# Sibelius Symphony no. 1 Op 39 Pye CCL 30113



## nickc (Jan 28, 2015)

Hi,

New to the forum, mainly joined to see if anyone could enlighten me on the aforementioned recording. 

I picked up a lovely copy of this recording on the Pye label in my favorite charity shop at the weekend. When I got home I did the usual thing of checking online for information about the recording and was slightly surprised to find virtually nothing about it. Obviously there is information about the piece itself and evidently this particular recording features on quite a few CD recordings, but I could not find a single reference to the vinyl recording. There is nothing on discogs or any of the major auction sites and I cannot even find a picture of the sleeve online. Is this a particularly rare record?


----------



## JACE (Jul 18, 2014)

Nick, who is the conductor and which orchestra is he conducting?


----------



## ptr (Jan 22, 2013)

Barbirolli with Hallè orchestra (Recorded: Free Trade Hall, Manchester 30 & 31 December 1957 (Pye CCL30113))

I don't have the Pye original, but re-releases on Angel and Vanguard..

/ptr


----------



## nickc (Jan 28, 2015)

JACE said:


> Nick, who is the conductor and which orchestra is he conducting?

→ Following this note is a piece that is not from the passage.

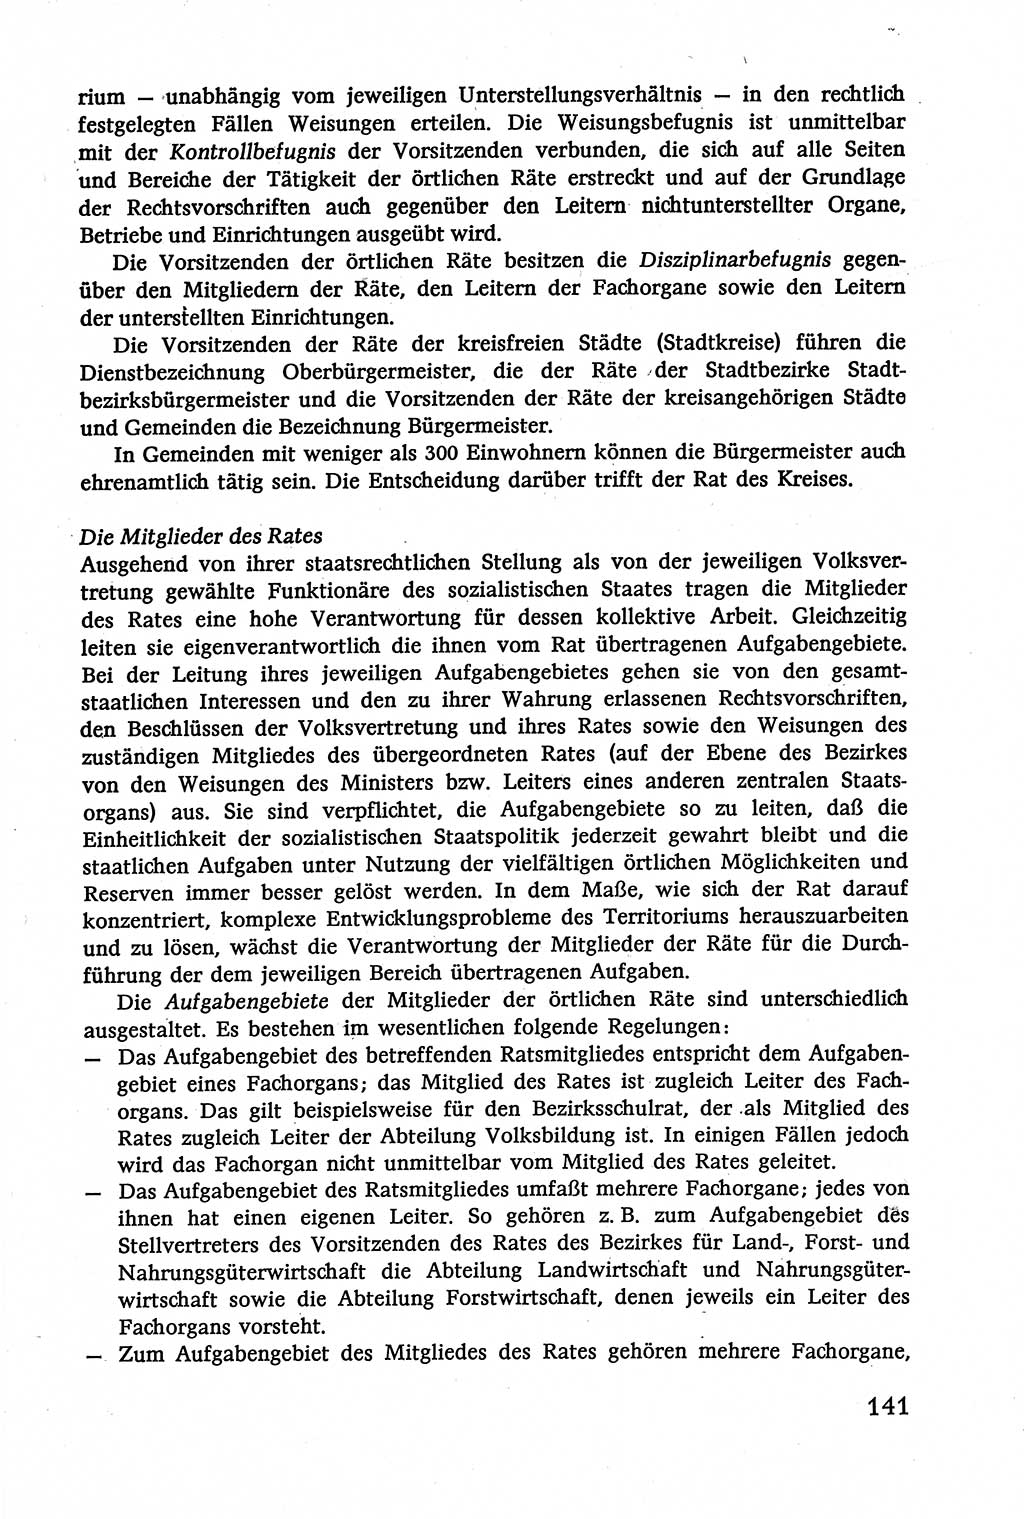 Verwaltungsrecht [Deutsche Demokratische Republik (DDR)], Lehrbuch 1979, Seite 141 (Verw.-R. DDR Lb. 1979, S. 141)
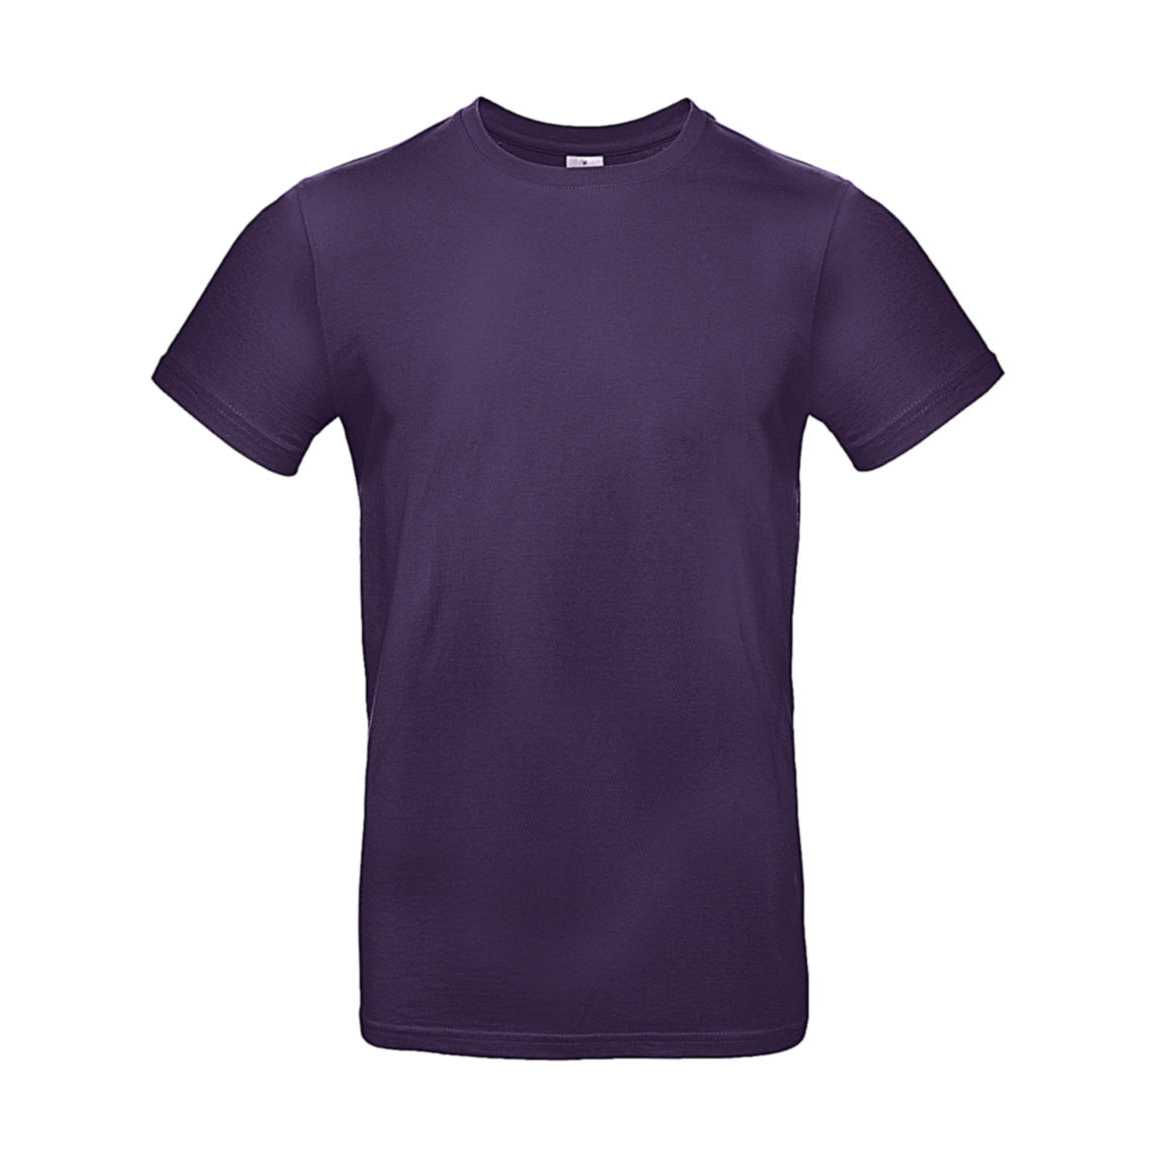 Triko pánské B&C E190 T-Shirt - tmavě fialové, L

As per ptr's message it is the Barbirolli/Halle version.


----------



## JACE (Jul 18, 2014)

ptr said:


> Barbirolli with Hallè orchestra (Recorded: Free Trade Hall, Manchester 30 & 31 December 1957 (Pye CCL30113))
> 
> I don't have the Pye original, but re-releases on Angel and Vanguard..
> 
> /ptr


Ah. I see.

In that case, it's also available on this Barbirolli Society reissue:










I would presume that the LP is not particularly valuable.

But I bet it's an excellent performance!


----------